Out of memory with TextFragmentAbsorber (.net)

schesneau · September 20, 2017, 10:37am

Hi,

I have a PDF with 4500 pages and a collection of arround 100 words. I need to seek each word (without regex) on each pdf page, and if found, I create a link on the word (with LinkAnnotation and TextFragment rectangle).

I try to different ways and the last one :

A) Open PDF
B) Loop on 4500 pages
C) Foreach page, loop on 100 words
D) Foreach word, Accept TextFragmentAbsorber for currentPage
E) If result in TextFragments, create linkAnnotation.
F) Close PDF after loop on page

The only way to do this is to close my PDF every 1000 pages. Memory is released but this way is very slow.

It seem there is no way to free memory after assign TextFragmentAbsorber to current page or whole file and after few loop, my application crash with an out of memory.
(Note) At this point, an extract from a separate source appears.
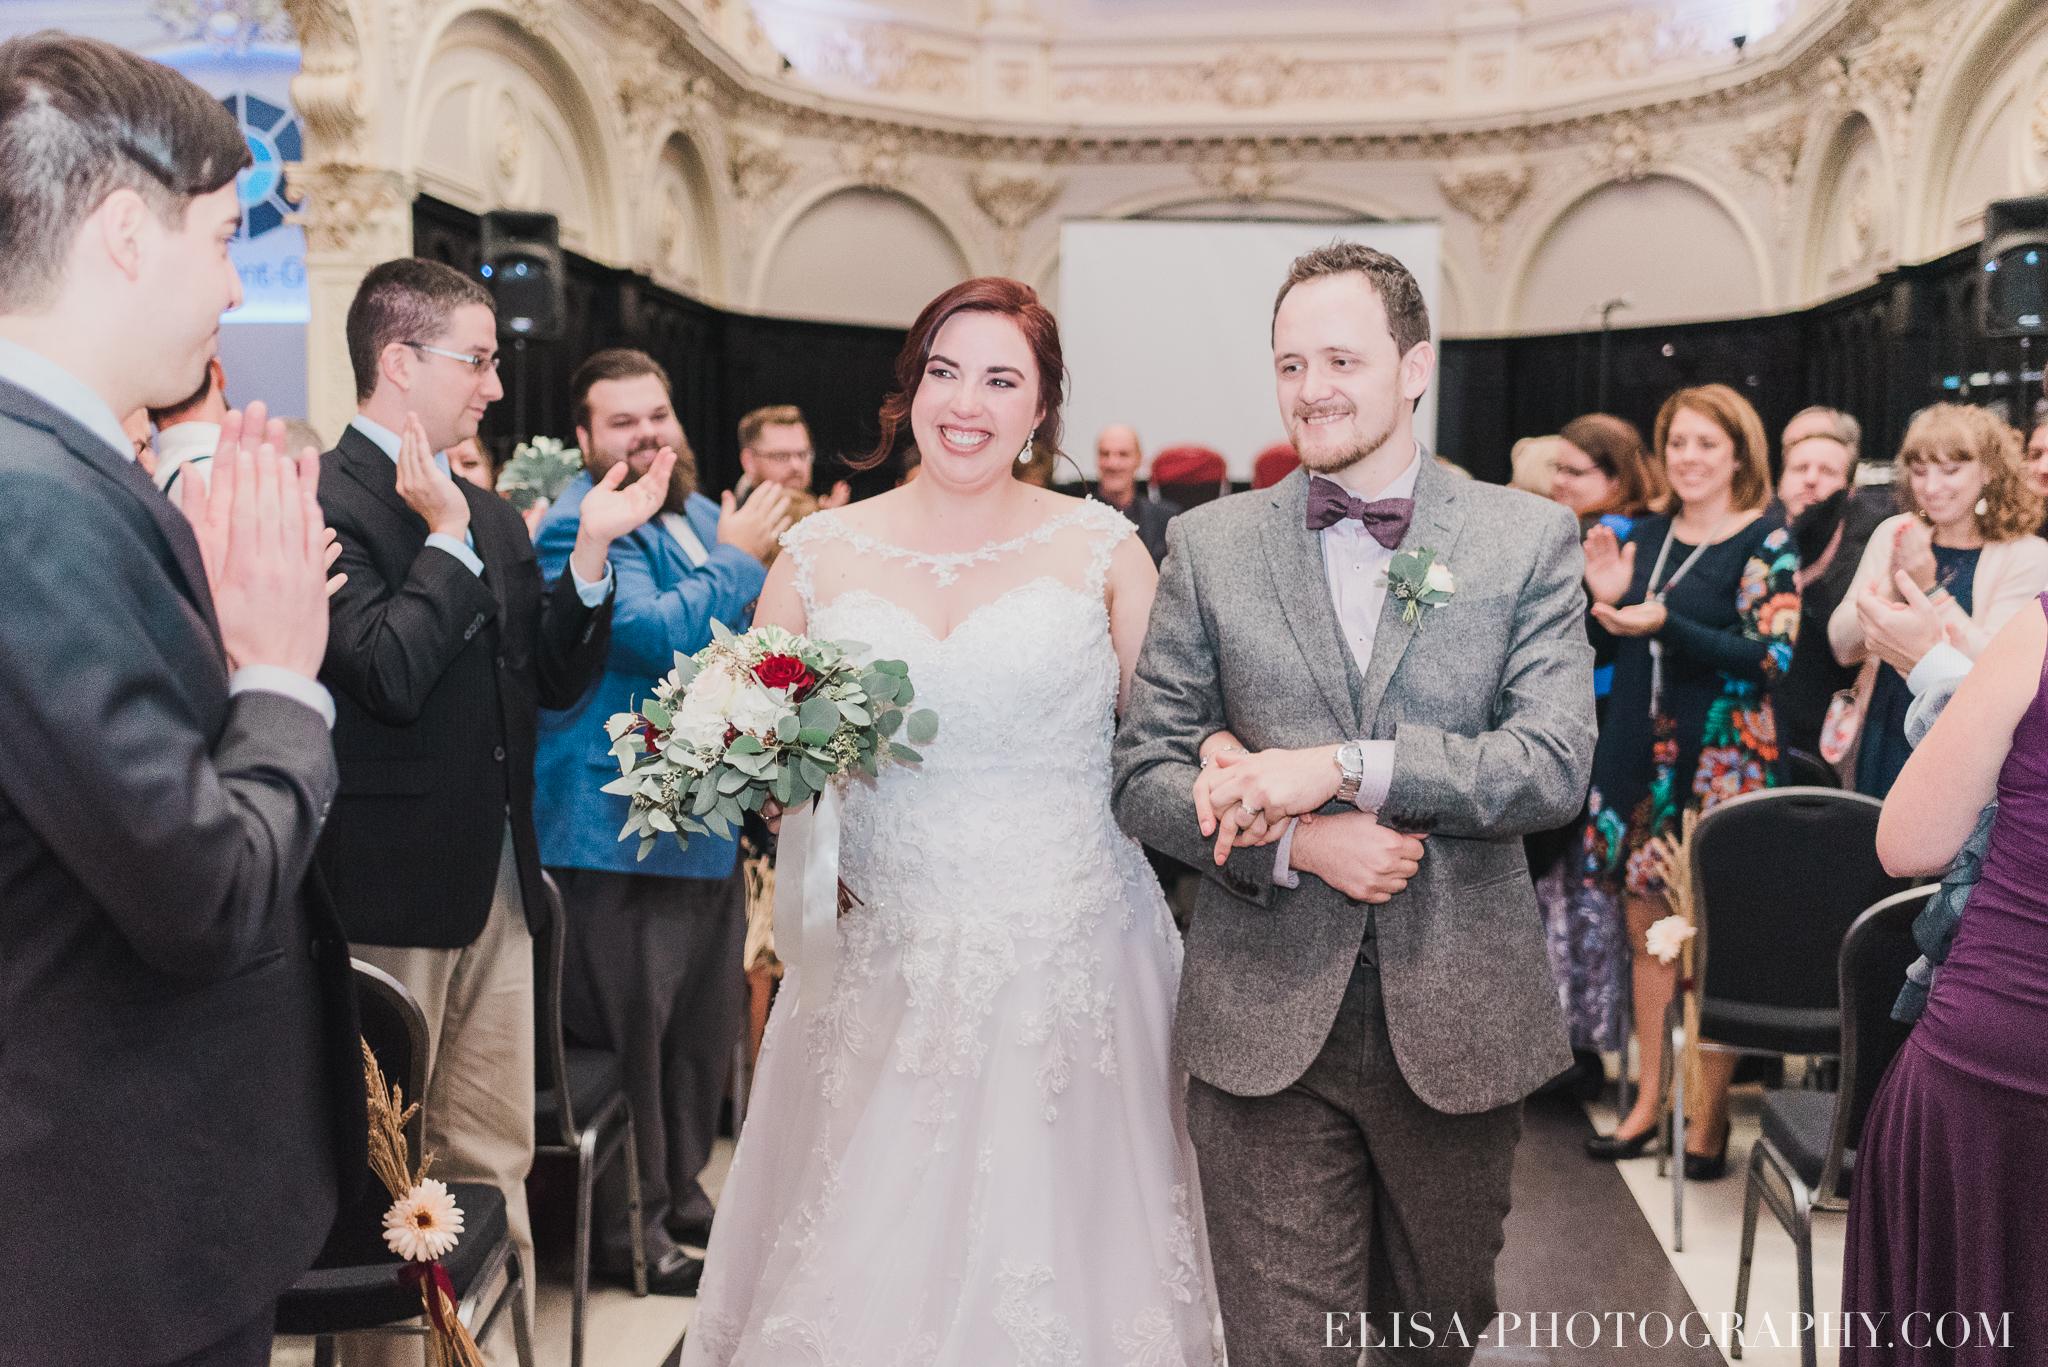 photo mariage automne ceremonie espace saint gregoire automne quebec beauport 6201 - Mariage à saveur automnale à l'Espace Saint-Grégoire

Is there a way to released memory while processing ?

schesneau · September 20, 2017, 1:19pm

I try other way with same issue “System.OutOfMemoryException” :

A) Open PDF
B) Loop on 100 words
C) Foreach word, Accept TextFragmentAbsorber for all pdf page -> run out of memory for the first word.

asad.ali · September 20, 2017, 5:53pm

@schesneau

Thanks for contacting support.

Would you please share your sample PDF document, along with the code snippet, which you are executing at your end? We will test the scenario in our environment and address it accordingly. However, please note that our forum support upload size up-to 3.0MB and in case your document is of larger size, you may upload it to some public file sharer (i.e Dropbox, Google Drive, etc.) and share the link here.